> **YOUR TASK**:
What is needed is an exact copy of the records below, with the pictures left out.

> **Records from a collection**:
▼▼▼

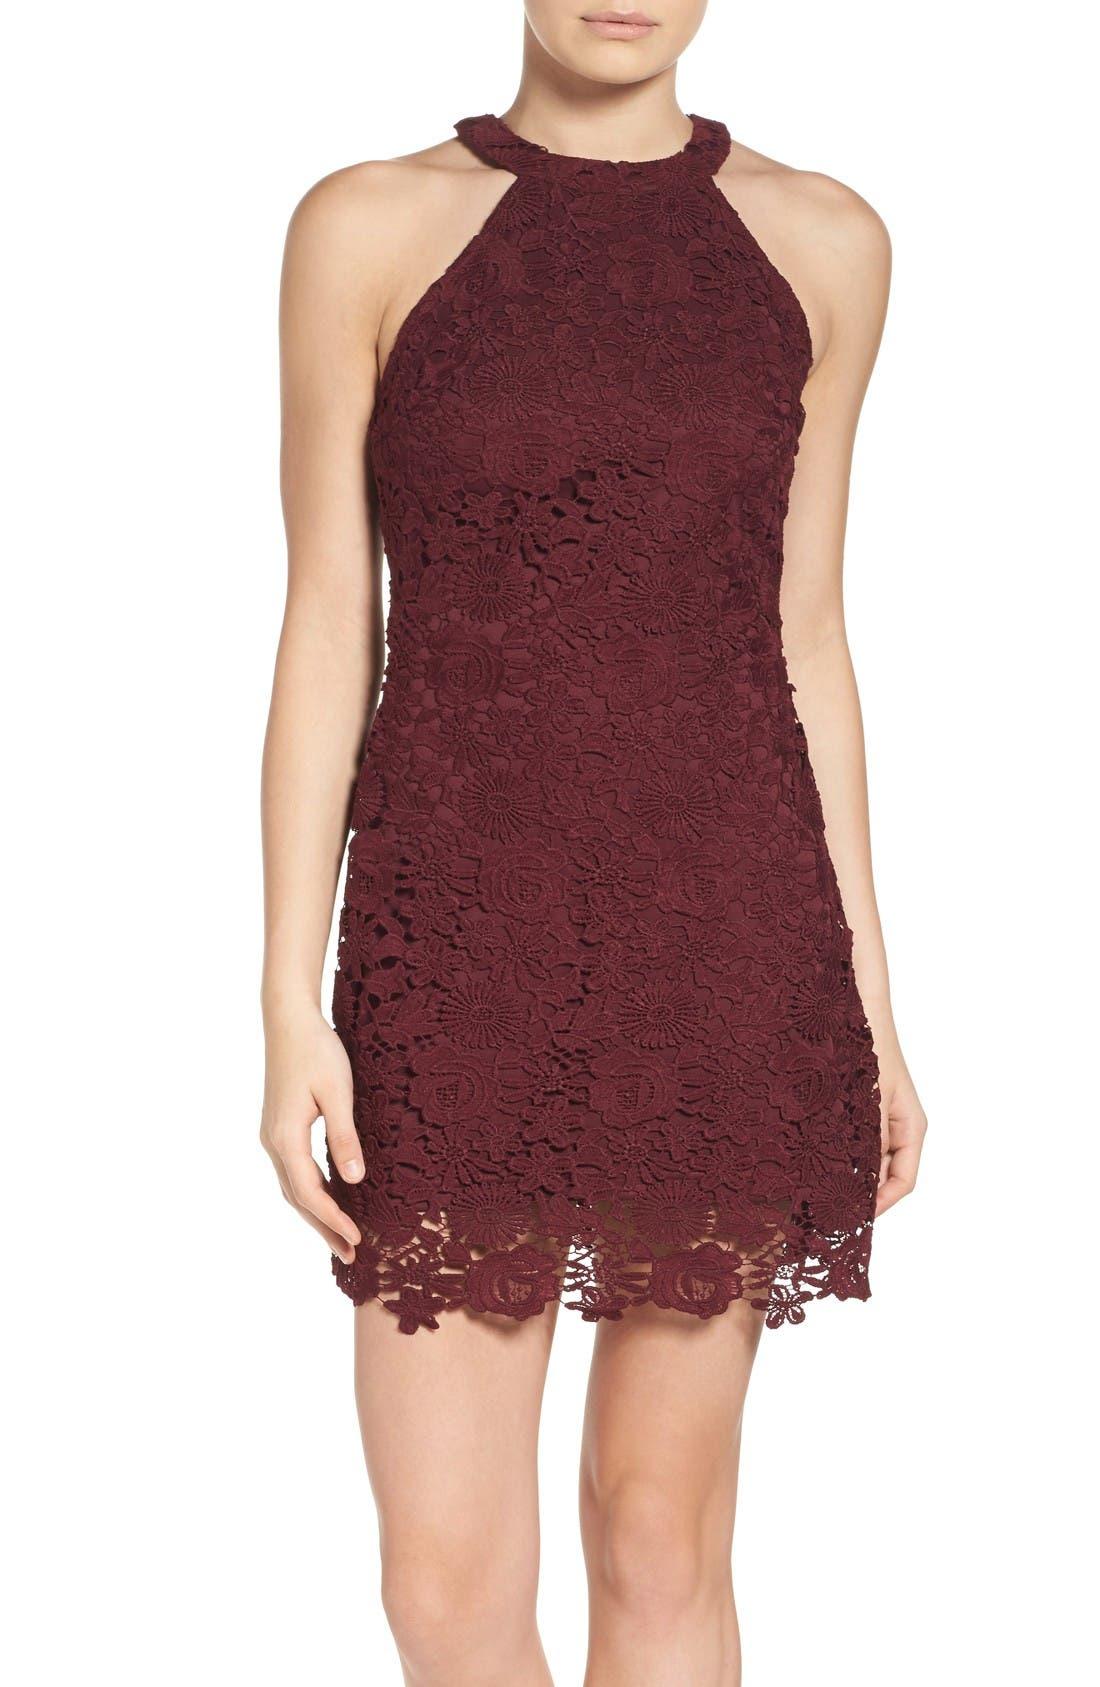 Alternate Image 1 Selected - Lulus Lace Halter Dress
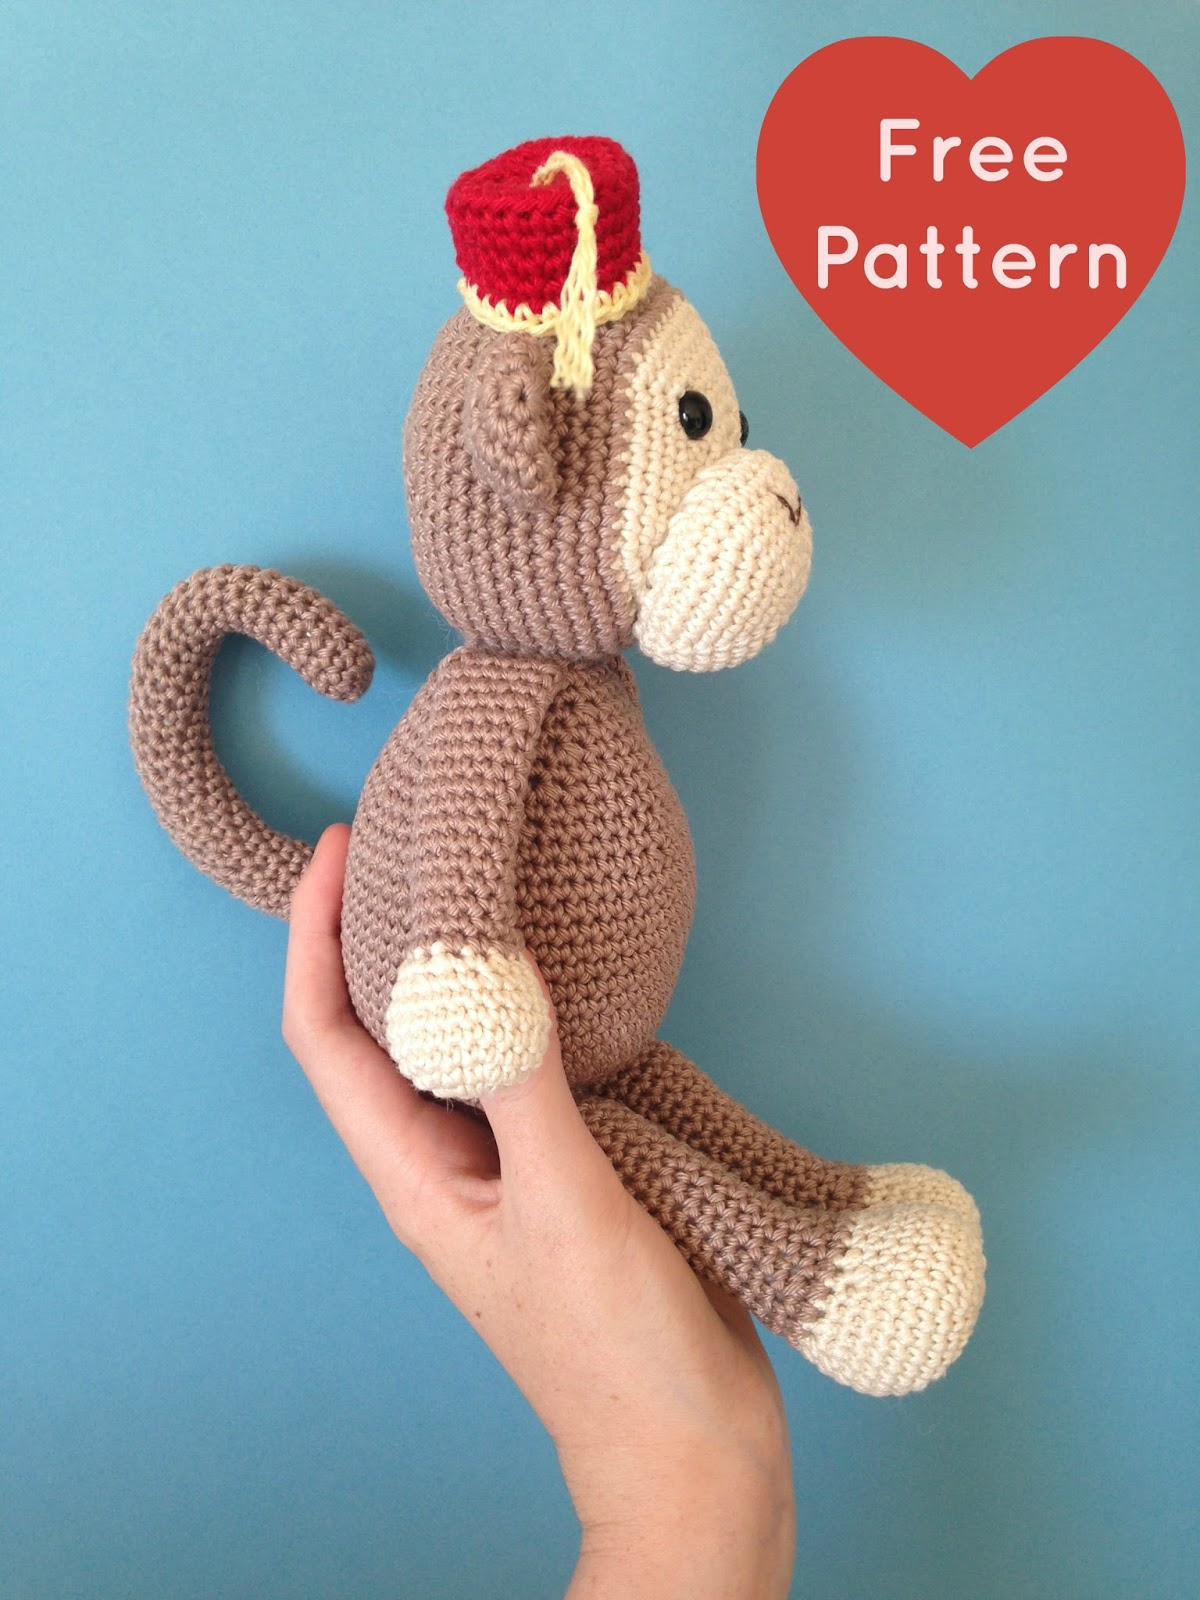 Amigurumi Monkey Softies Crochet Free Patterns • DIY How To | 1600x1200
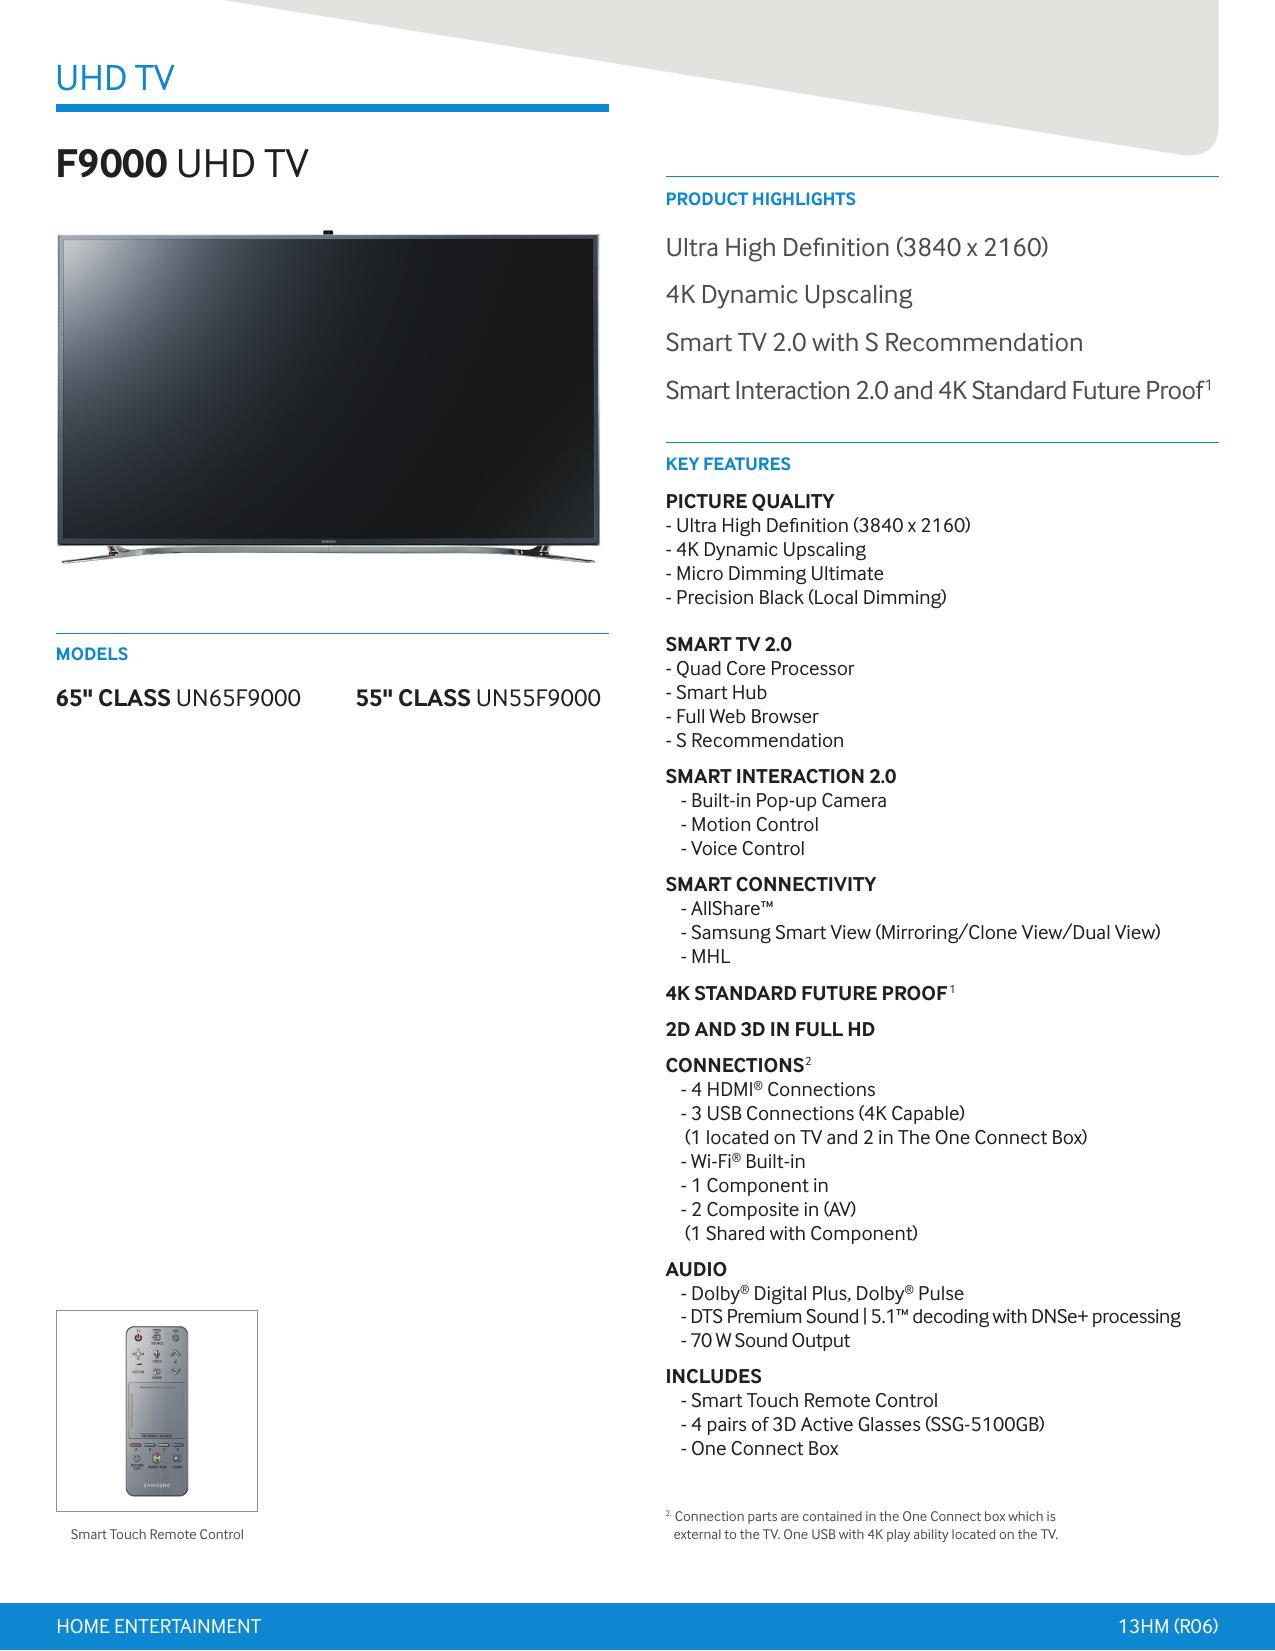 F9000 UHD TV | manualzz com
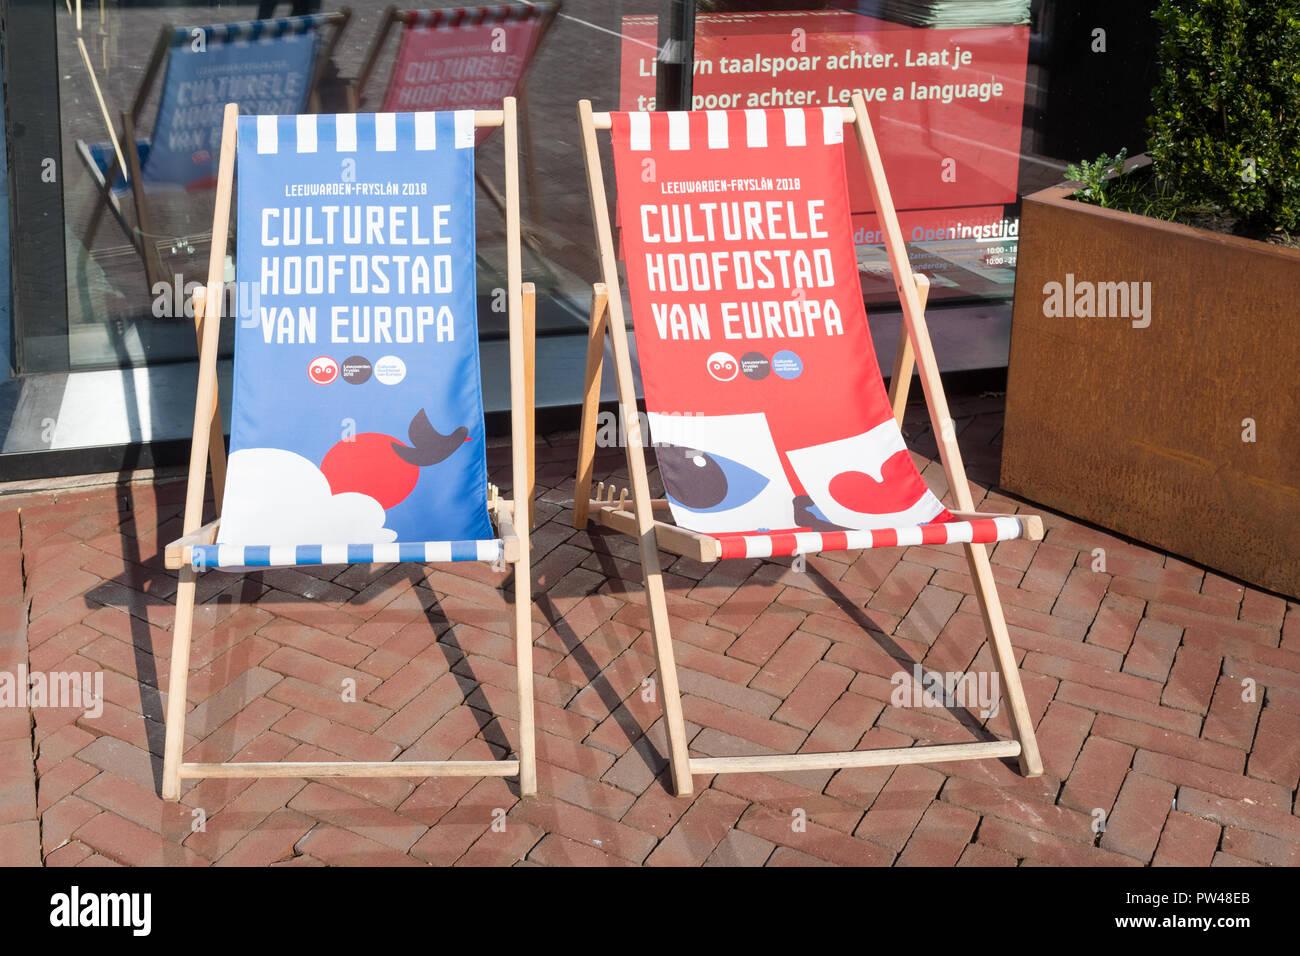 Leeuwarden, Friesland, Niederlande - Europäische Kulturhauptstadt 2018 - logo Liegestühle Stockbild
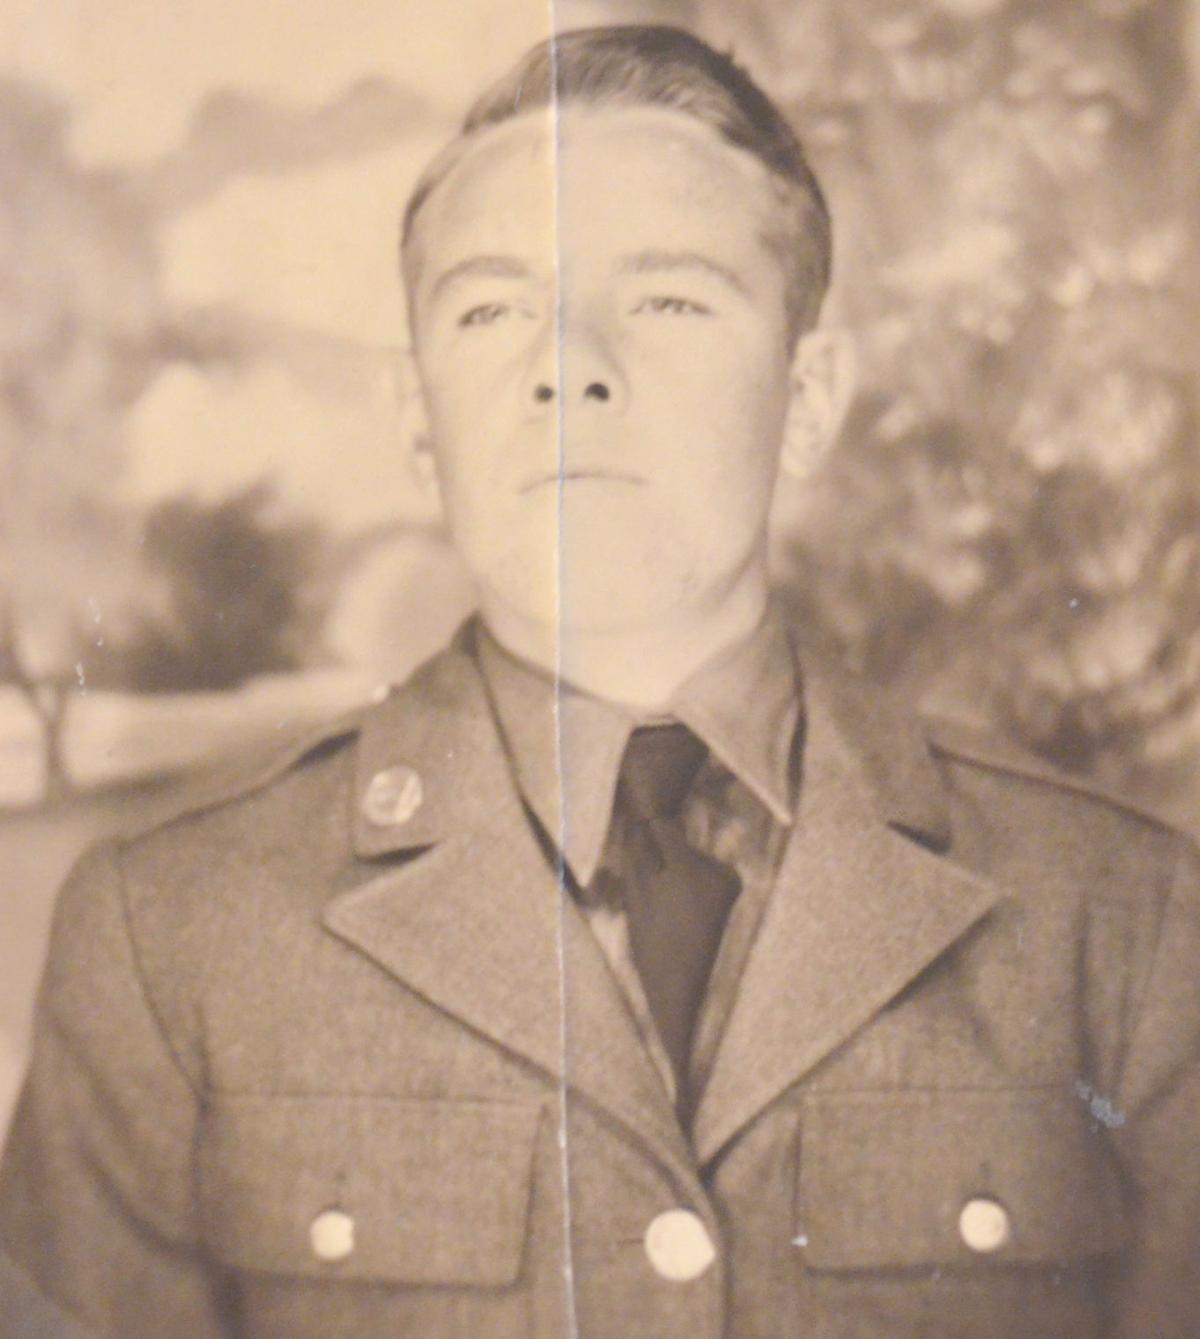 Arthur Ricker U.S. Army Photo

▲▲▲

> **PROBLEM SOLUTION**:
 Alternate Image 1 Selected - Lulus Lace Halter Dress
 Amigurumi Monkey Softies Crochet Free Patterns • DIY How To | 1600x1200
 F9000 UHD TV | manualzz com
 Leeuwarden, Friesland, Niederlande - Europäische Kulturhauptstadt 2018 - logo Liegestühle Stockbild
 Arthur Ricker U.S. Army Photo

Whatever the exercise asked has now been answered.